BigQuery only allows changing a column's data type to a compatible type. For example, you cannot directly change a STRING column to an INT64 column if the string values contain non-numeric characters.

2. Using the BigQuery Console

  • This method offers a visual interface for changing data types.
  • Navigate to the BigQuery Console and discover the table containing the column whose data type you want to change.
  • Click on the table to open its details.
  • Find the column you desire to regulate and click on its data type.
  • It provides a dropdown menu that shows compatible data types based on the current data.

By using those techniques, you could efficiently alter the data types of columns in your BigQuery tables to better match your data processing and evaluation needs.

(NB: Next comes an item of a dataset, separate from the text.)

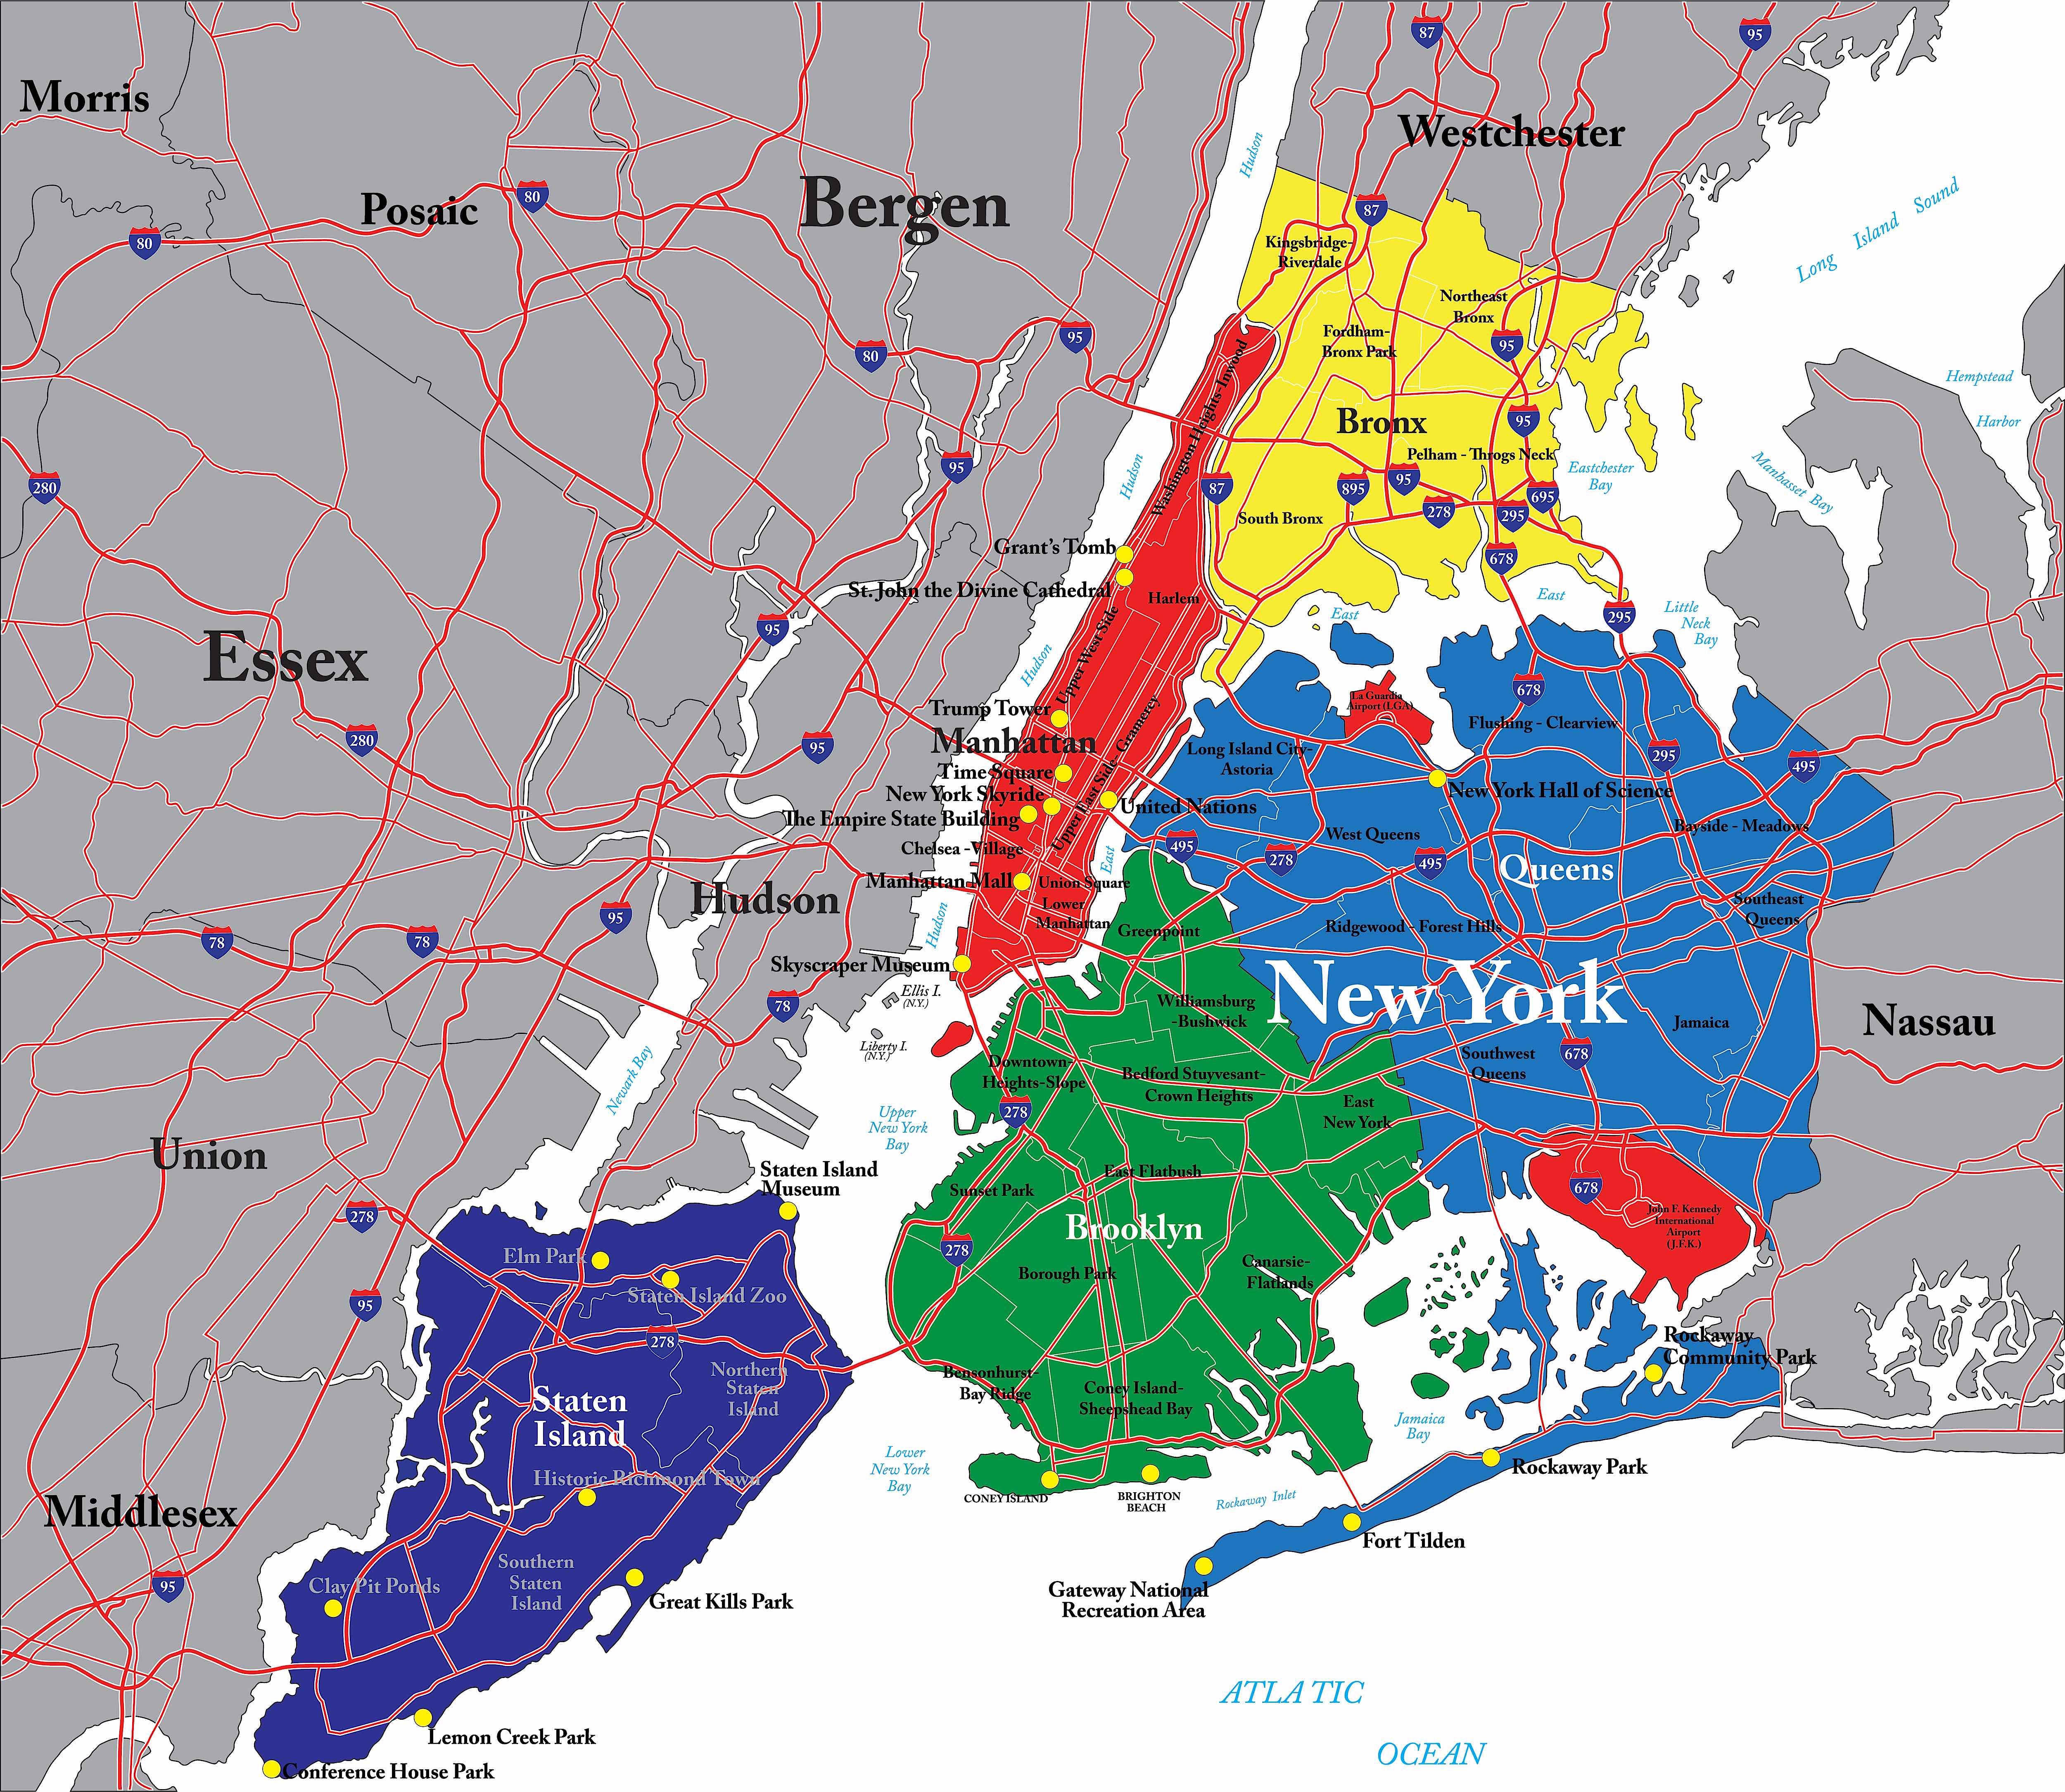 Map of Long Island, NY neighborhoods

BigQuery Integration With Airbyte

The above section in the article will help you deal with data types. However, data types are not the only thing if you are managing data. Therefore, to deal with other aspects of data management, such as data integration, you should use SaaS tools like Airbyte. 

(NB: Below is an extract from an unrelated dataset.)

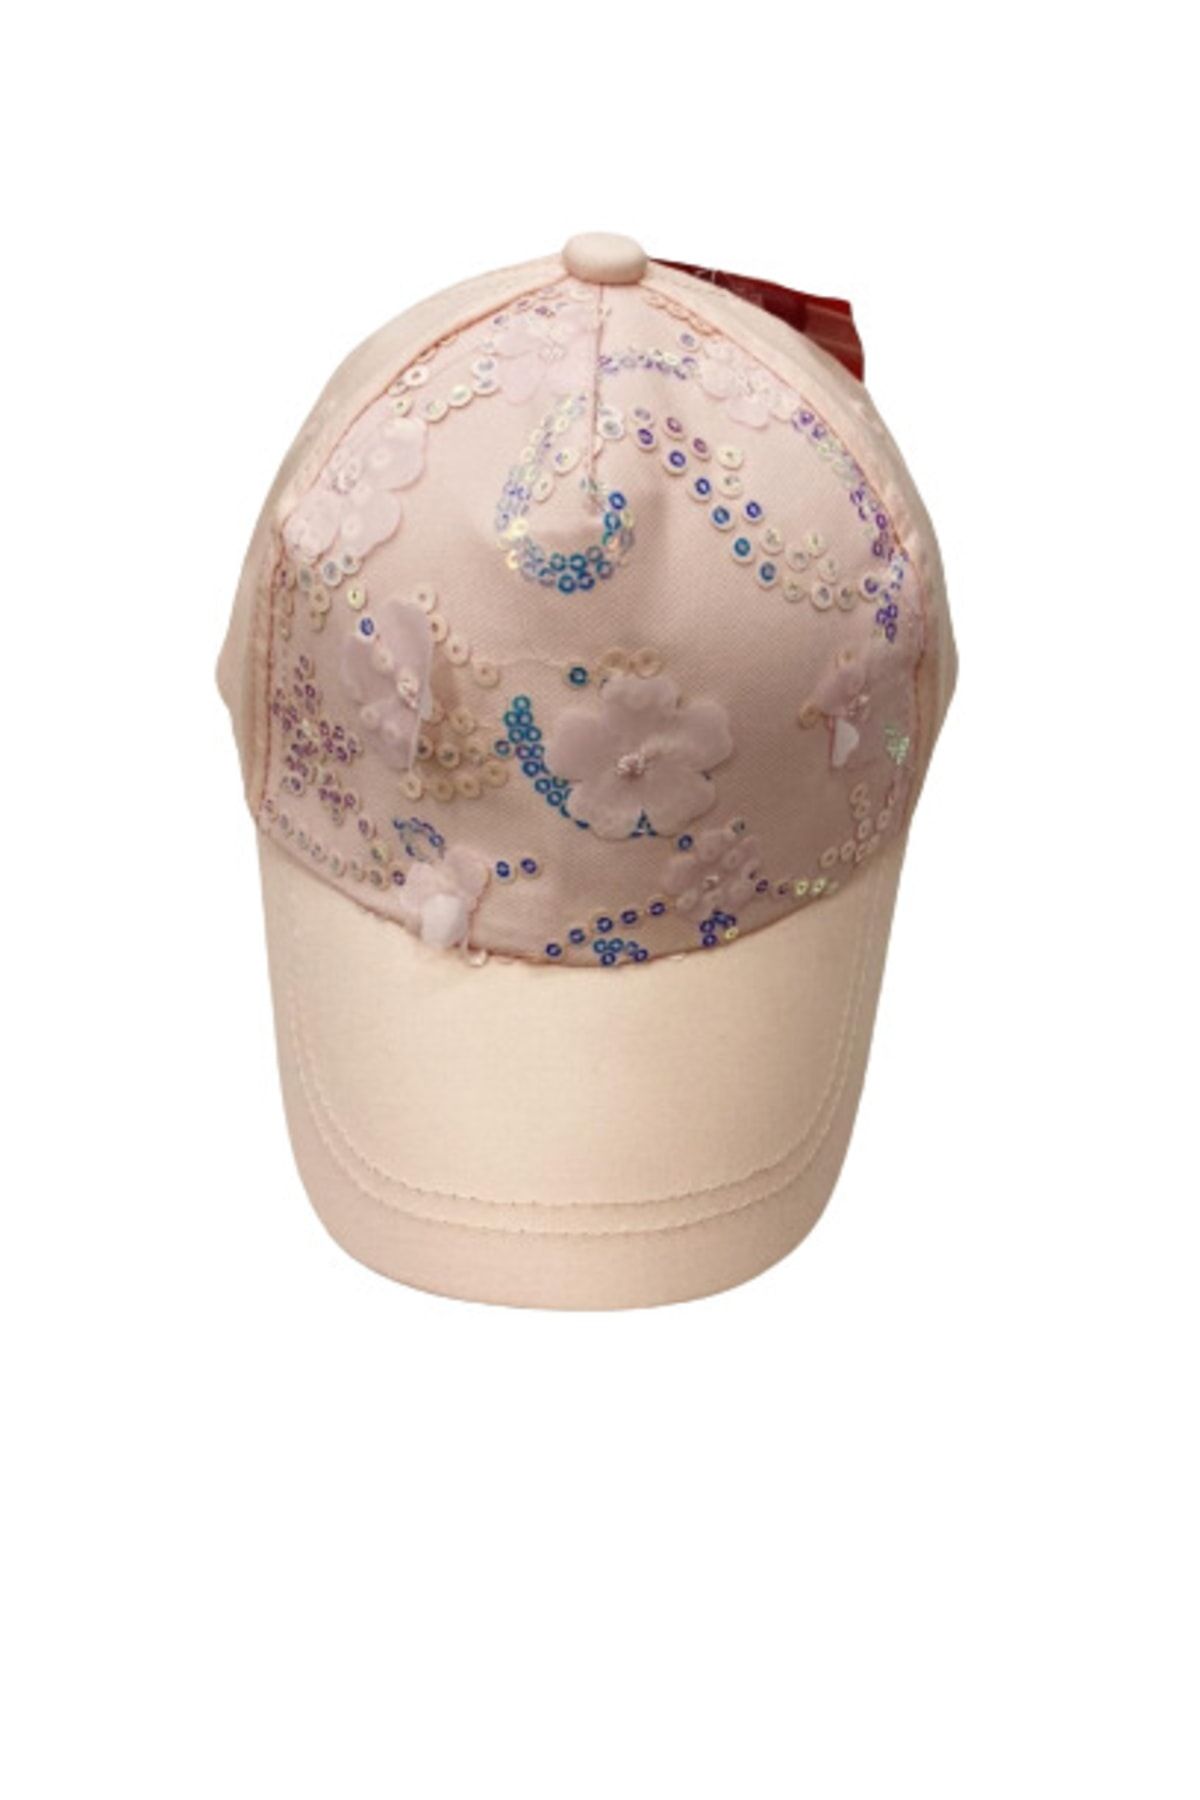 Kitti Kız Bebek Kasket Şapka 3 Boyutlu Çiçekli 1-3 Yaş Baş Çevresi 48-50 Cm

Airbyte is an ELT tool that can help you automate data integration from multiple sources of your choice to BigQuery. With robust orchestration capabilities, an intuitive user interface, and integration with data transformation tools like dbt, it streamlines complex data integration processes. 

You can use Airbyte to centralize data (of any BigQuery-supported data types) in BigQuery without writing any code. 

Sign up (if you haven't already) with Airbyte Cloud today to handle data integration tasks easily. 

Conclusion 

To bring the data from outside data sources to the BigQuery database, you must have a detailed knowledge of the data types BigQuery supports. When you pick the right data type, you can enhance data integrity, analytical capabilities, and system performance. Following the guide above, you can easily learn about all the data types BigQuery supports with their syntax and examples. 

If you want to move from data type mapping to data integration in BigQuery, you can use Airbyte Cloud. The tool has an extensive library of more than 350+ pre-built connectors to smooth the process of data ingestion from various operational systems to BigQuery.

Similar use cases

No similar recipes were found, but check back soon!